Co-Authored-By: Claude Opus 4.6 (1M context) <noreply@anthropic.com>
19 KiB
Video Features Roadmap — Technical Consultation v1
Date: 2026-03-22 Specialists consulted: ML/AI Engineer, Backend Architect, Remotion Engineer, Frontend Architect, DevOps Engineer, Performance Engineer
Feature Overview
| # | Feature | Complexity | MVP | Full | Additional Infra |
|---|---|---|---|---|---|
| 1 | Advanced Remotion Templates | Easy-Medium | 3-4 days | 3-4 days | None — ready to implement |
| 2 | Viral Moments Detection | Medium | 5-7 days | 8-12 days | LLM API key only |
| 3 | Auto-Cut & Head Tracking | Very Hard | 12-15 days | 30-45 days | Phase 1: nothing; Phase 2: GPU worker |
| 4 | 9:16 Shorts Conversion | Medium | 6-8 days | +3-4 days after #3 | None |
| Total | 26-34 days | 44-65 days |
Realistic for one dev: 6-8 weeks (all MVPs) or 3-4 months (full versions).
Feature 1: Advanced Remotion Templates
Status: Spec + implementation plan already written.
- Spec:
docs/superpowers/specs/2026-03-21-advanced-remotion-templates-design.md - Plan:
docs/superpowers/plans/2026-03-21-advanced-remotion-templates.md
Scope: Extend CaptionStyleSchema with 4 new highlight styles (pop_in, karaoke, bounce, glow_pulse), 2 transitions (zoom_in, drop_in), 3 fields (word_entrance, highlight_rotation_deg, text_transform). Seed 2 system presets: "Shorts" and "Podcast".

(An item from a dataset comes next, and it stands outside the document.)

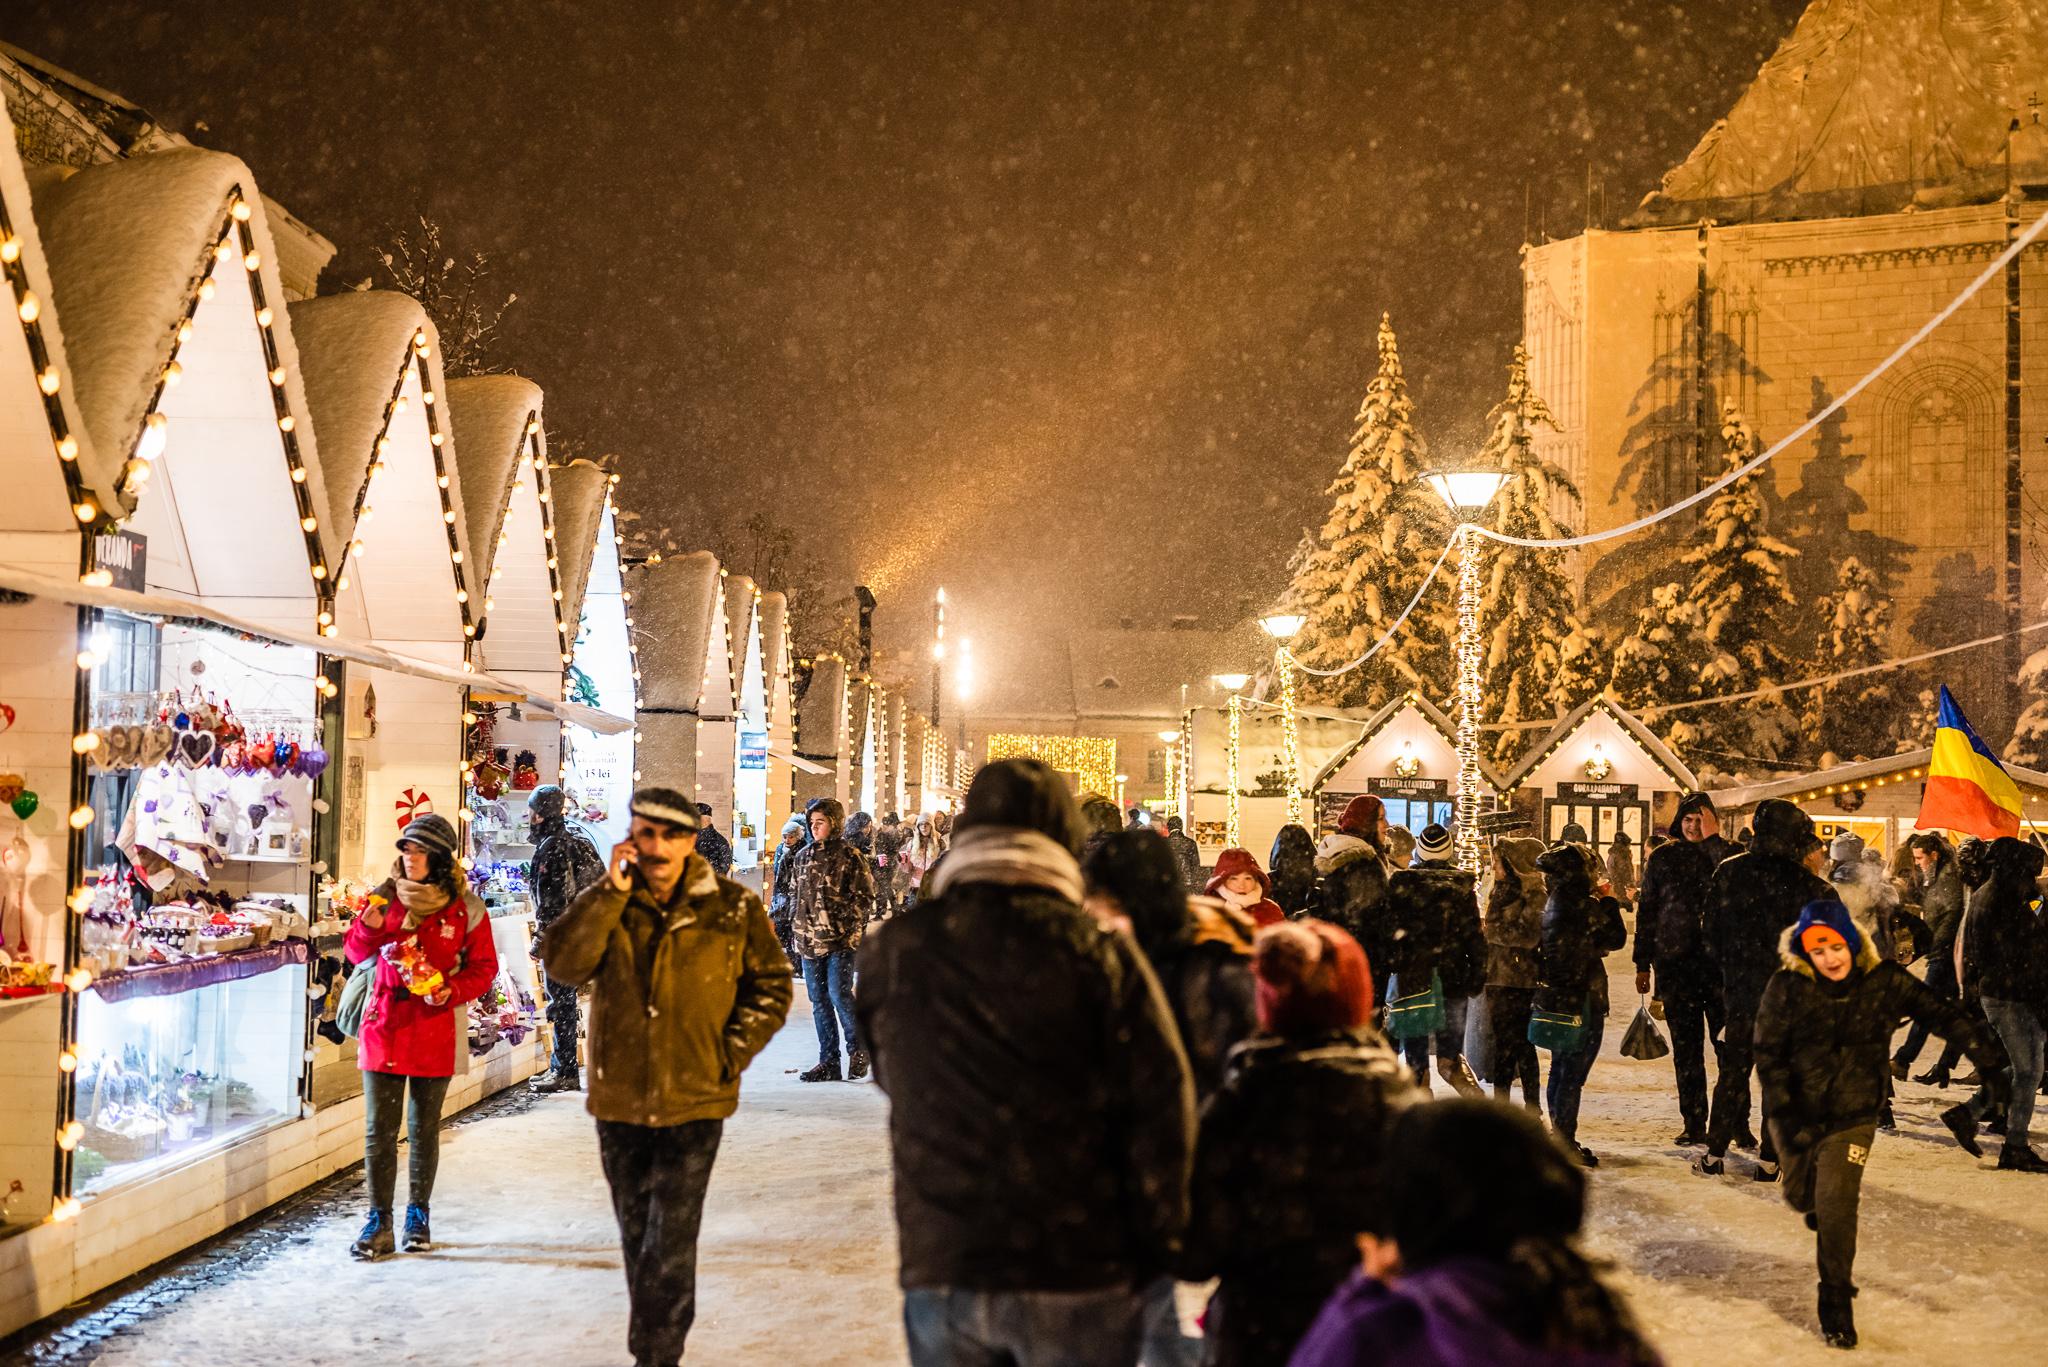 La Târgul de Crăciun din Cluj-Napoca începe Săptămâna Jocurilor şi a Filmelor! VEZI PROGRAMUL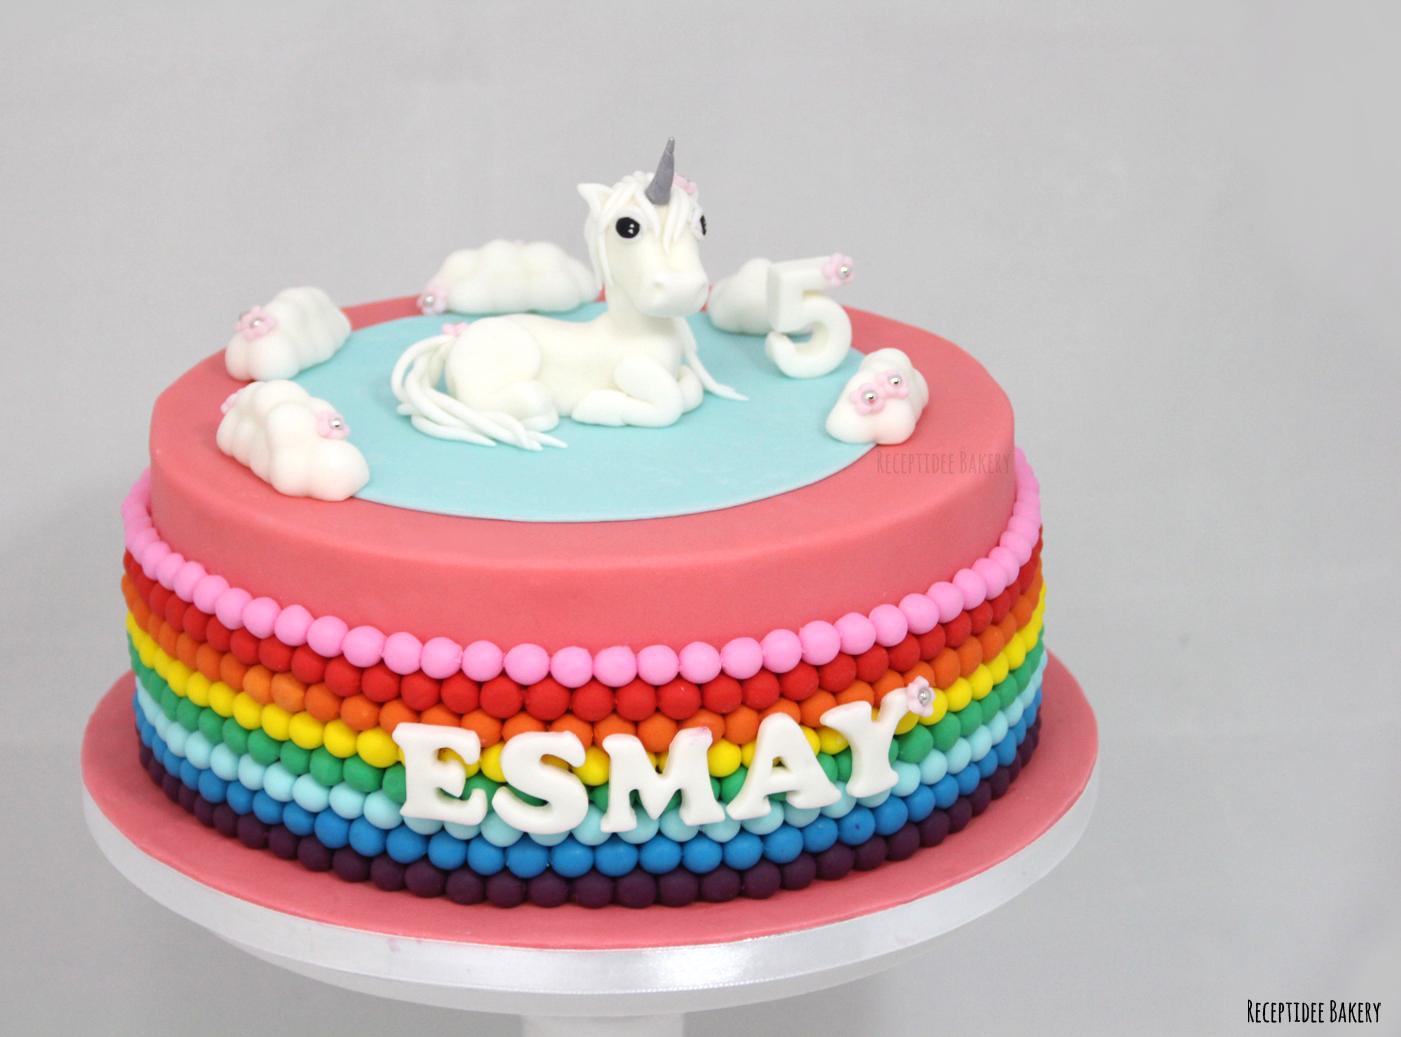 gefeliciteerd taart nl Eenhoorn regenboog taart Gefeliciteerd Esmay met je 5e verjaardag  gefeliciteerd taart nl

Changes: Schema extensions in Remotion + backend, rendering logic in Captions.tsx, Alembic migration for presets, frontend StyleEditor form controls.
No specialist input needed — fully designed, no new infrastructure.
Feature 2: Viral Moments Detection
Architecture
LLM API: Gemini 2.5 Flash (best Russian language support, $0.15/$0.60 per 1M tokens) or GPT-4o-mini (same pricing, slightly weaker Russian). Cost per 30-min video analysis: ~$0.005.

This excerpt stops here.